* **Work item**:
Could you reproduce, from the records below, everything from the line with "Rane Belling raises" down to the line with "VH-JCX, 1986 Gates", keeping both of those lines and changing nothing?

##############################

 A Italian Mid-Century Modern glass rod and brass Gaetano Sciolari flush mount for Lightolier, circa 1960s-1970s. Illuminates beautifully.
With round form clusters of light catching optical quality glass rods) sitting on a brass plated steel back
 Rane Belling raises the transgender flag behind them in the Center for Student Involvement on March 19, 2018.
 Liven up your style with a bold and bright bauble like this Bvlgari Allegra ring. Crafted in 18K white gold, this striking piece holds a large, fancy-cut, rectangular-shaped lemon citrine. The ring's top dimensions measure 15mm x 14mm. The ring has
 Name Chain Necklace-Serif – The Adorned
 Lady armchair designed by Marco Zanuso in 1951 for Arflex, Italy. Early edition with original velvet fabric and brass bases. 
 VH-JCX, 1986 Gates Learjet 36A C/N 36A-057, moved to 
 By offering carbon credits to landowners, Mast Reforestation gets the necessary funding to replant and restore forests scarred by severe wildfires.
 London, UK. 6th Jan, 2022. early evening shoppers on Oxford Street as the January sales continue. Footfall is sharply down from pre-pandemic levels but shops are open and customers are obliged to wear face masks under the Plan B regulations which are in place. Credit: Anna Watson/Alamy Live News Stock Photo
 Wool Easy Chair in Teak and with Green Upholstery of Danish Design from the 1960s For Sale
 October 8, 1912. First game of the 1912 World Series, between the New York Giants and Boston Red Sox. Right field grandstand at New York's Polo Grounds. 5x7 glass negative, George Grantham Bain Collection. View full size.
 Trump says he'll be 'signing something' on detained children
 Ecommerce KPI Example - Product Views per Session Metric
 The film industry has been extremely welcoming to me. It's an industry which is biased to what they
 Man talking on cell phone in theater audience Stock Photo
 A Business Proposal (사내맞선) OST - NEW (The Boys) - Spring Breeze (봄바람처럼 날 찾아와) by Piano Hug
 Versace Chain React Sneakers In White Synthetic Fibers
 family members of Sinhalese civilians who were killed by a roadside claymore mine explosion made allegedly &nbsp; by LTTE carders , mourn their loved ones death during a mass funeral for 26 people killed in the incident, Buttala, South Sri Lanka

##############################

* **Exercise result**:
 Rane Belling raises the transgender flag behind them in the Center for Student Involvement on March 19, 2018.
 Liven up your style with a bold and bright bauble like this Bvlgari Allegra ring. Crafted in 18K white gold, this striking piece holds a large, fancy-cut, rectangular-shaped lemon citrine. The ring's top dimensions measure 15mm x 14mm. The ring has
 Name Chain Necklace-Serif – The Adorned
 Lady armchair designed by Marco Zanuso in 1951 for Arflex, Italy. Early edition with original velvet fabric and brass bases. 
 VH-JCX, 1986 Gates Learjet 36A C/N 36A-057, moved to 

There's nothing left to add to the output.